### Assignment
Only the lines from the one with "Gianmaria Buccellati, Italie, paire" to the end of the data, both ends included, should be output, exactly as they stand and without pictures.

### Data
'''
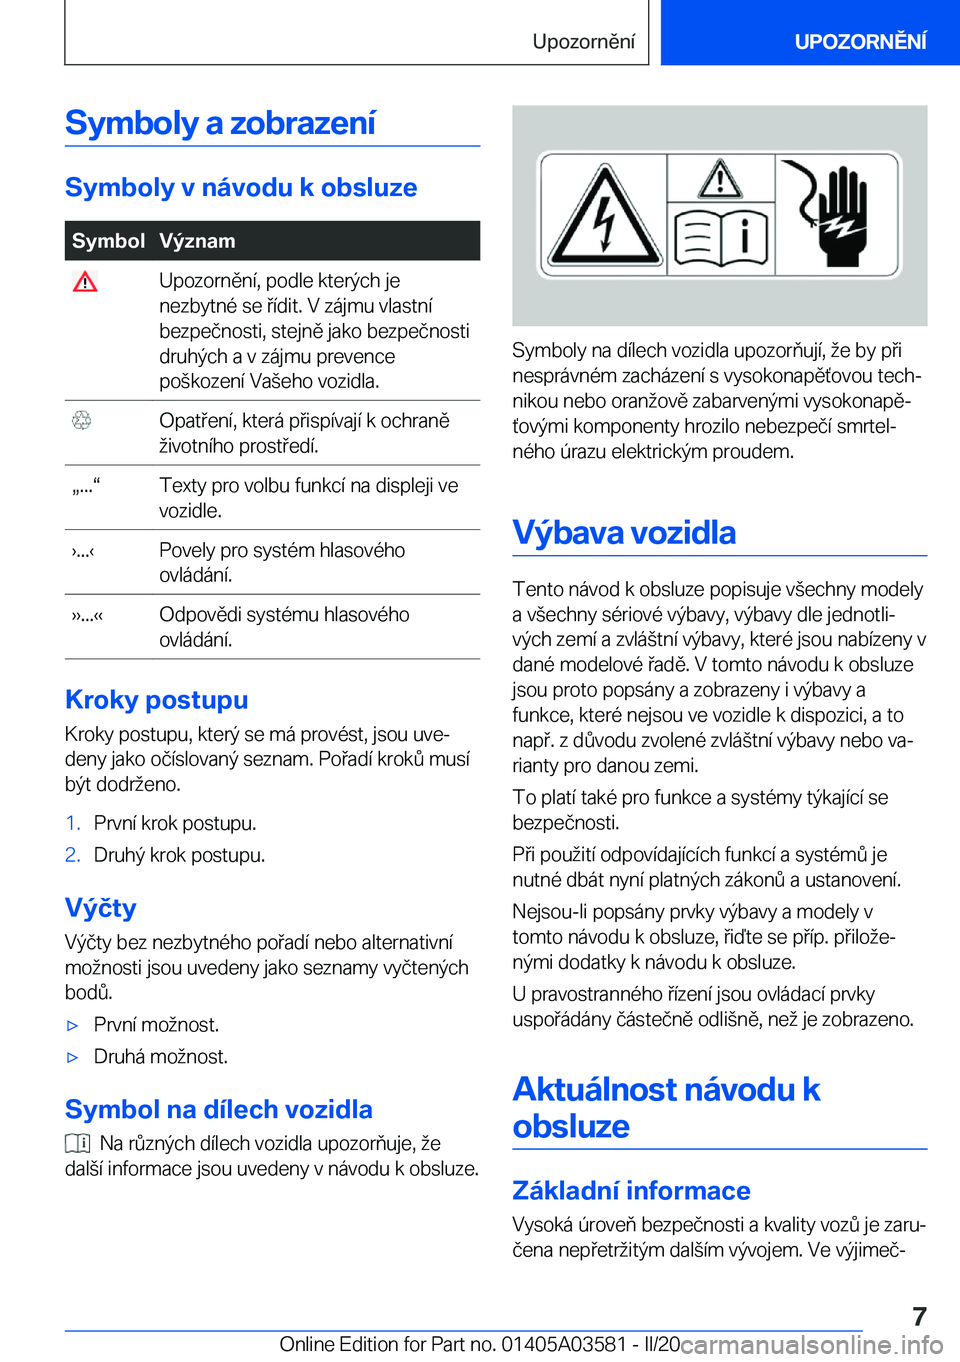 BMW X3 PLUG IN HYBRID 2020  Návod na použití (in Czech) �S�y�m�b�o�l�y��a��z�o�b�r�a�z�e�n�
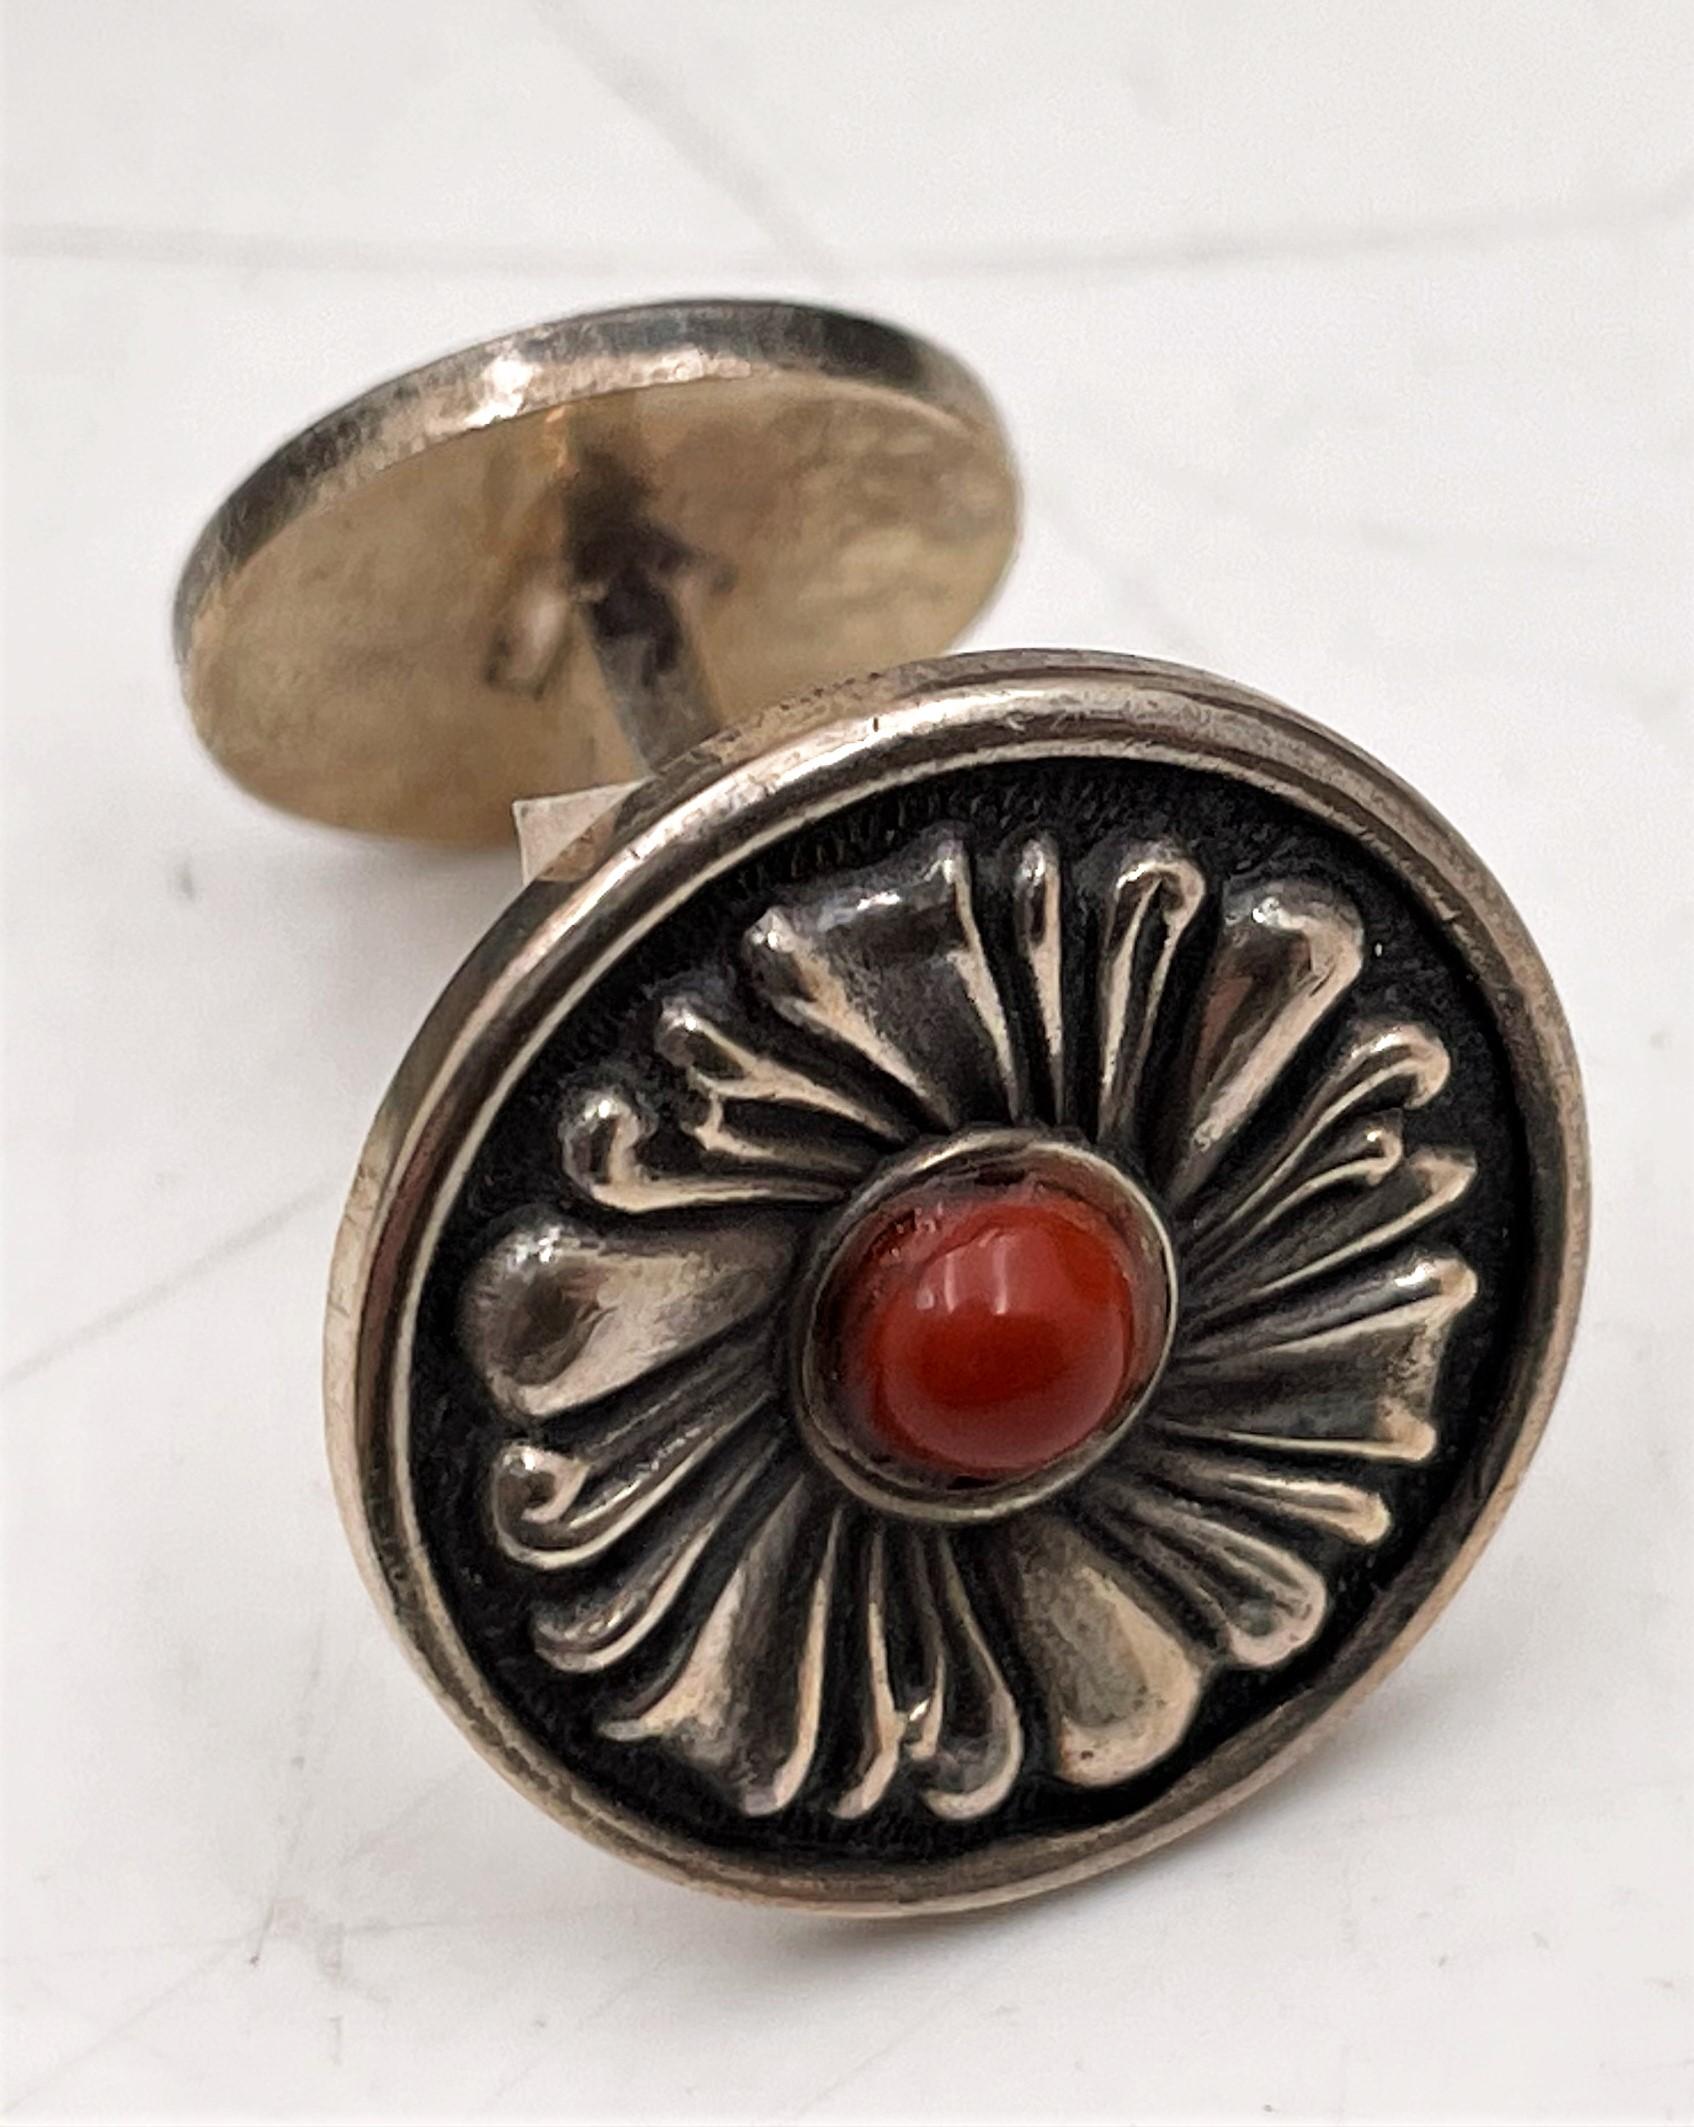 Gianmaria Buccellati, Italie, paire de boutons de manchette en argent sterling avec jaspe rouge au centre, dans un beau motif floral, mesurant 2/3'' de diamètre, et portant des poinçons. Vendu dans sa boîte d'origine, jamais utilisé. 

Mario
'''
### Written answer
 Gianmaria Buccellati, Italie, paire de boutons de manchette en argent sterling avec jaspe rouge au centre, dans un beau motif floral, mesurant 2/3'' de diamètre, et portant des poinçons. Vendu dans sa boîte d'origine, jamais utilisé. 

Mario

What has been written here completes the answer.